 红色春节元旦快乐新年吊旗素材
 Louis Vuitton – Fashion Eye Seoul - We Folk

******

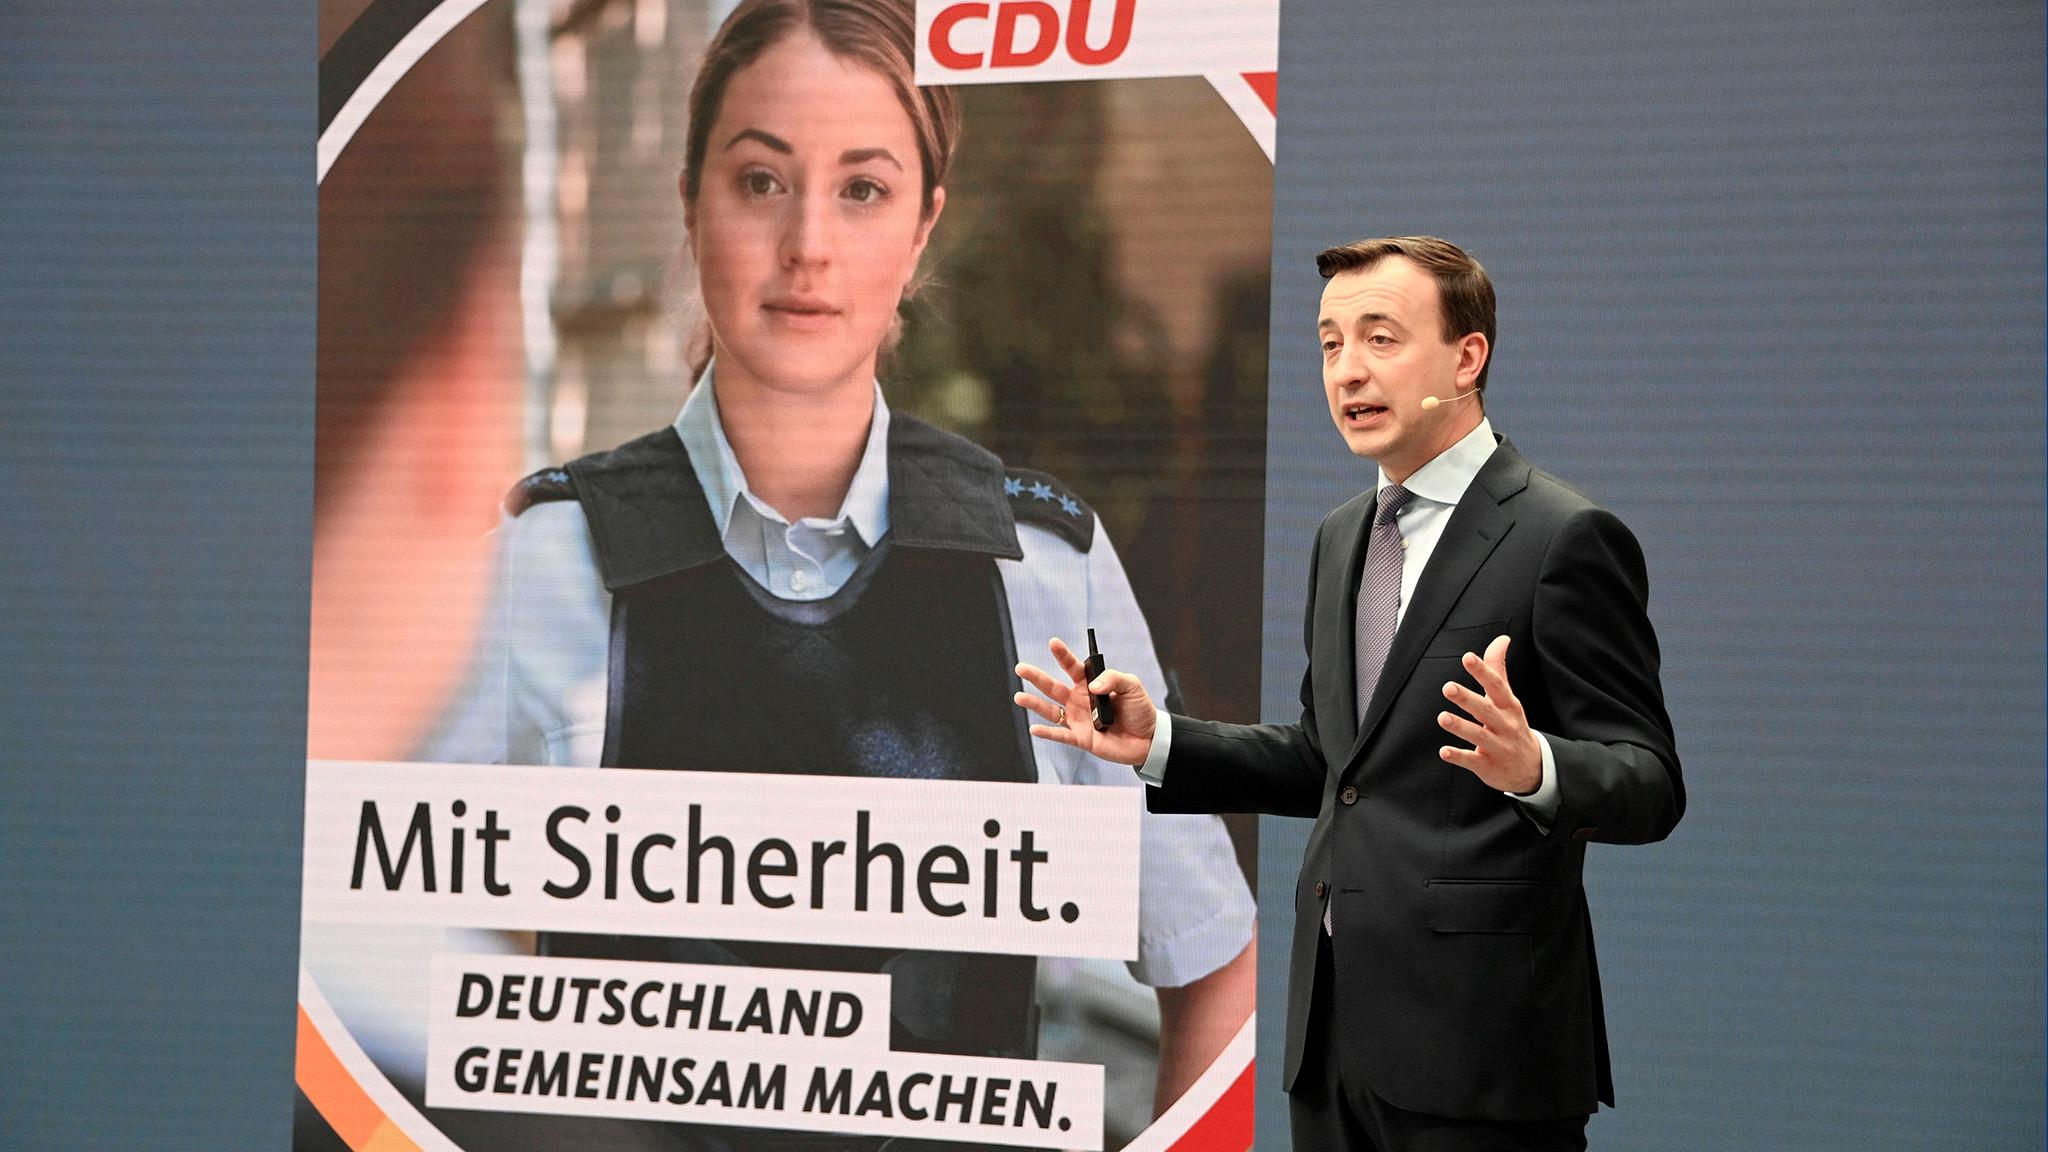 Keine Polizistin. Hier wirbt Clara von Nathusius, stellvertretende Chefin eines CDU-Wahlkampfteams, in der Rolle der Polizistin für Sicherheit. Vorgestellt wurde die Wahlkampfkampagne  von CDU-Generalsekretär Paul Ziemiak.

******

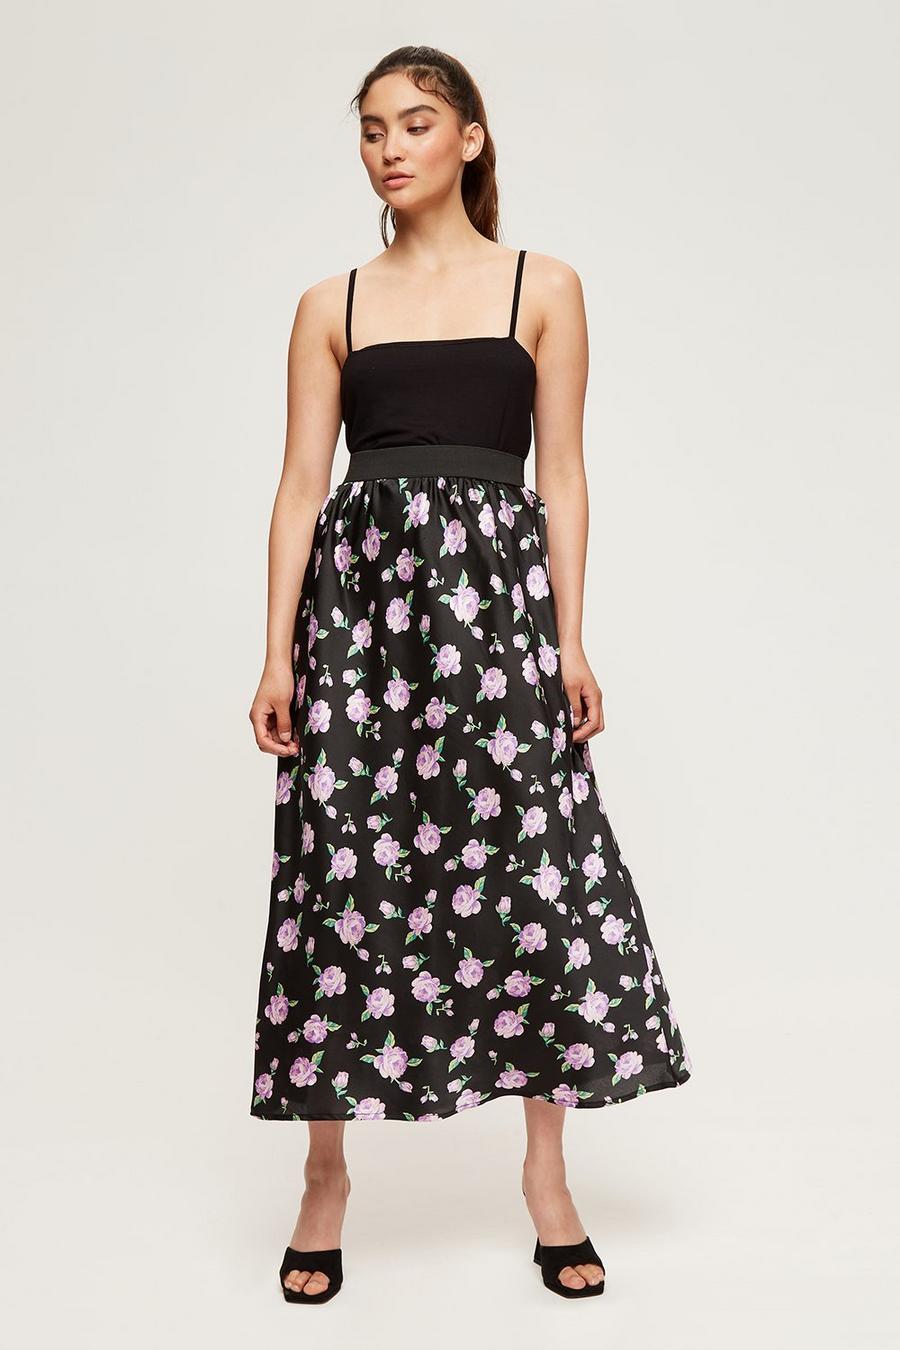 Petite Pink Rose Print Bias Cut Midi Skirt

******

* **The problem**
The output should be exactly the lines above from the line containing "红色春节元旦快乐新年吊旗素材" to the line containing "Louis Vuitton – Fashion Eye Seoul - We Folk", inclusive, with no other lines.

* **Answer to this exercise**
 红色春节元旦快乐新年吊旗素材
 Louis Vuitton – Fashion Eye Seoul - We Folk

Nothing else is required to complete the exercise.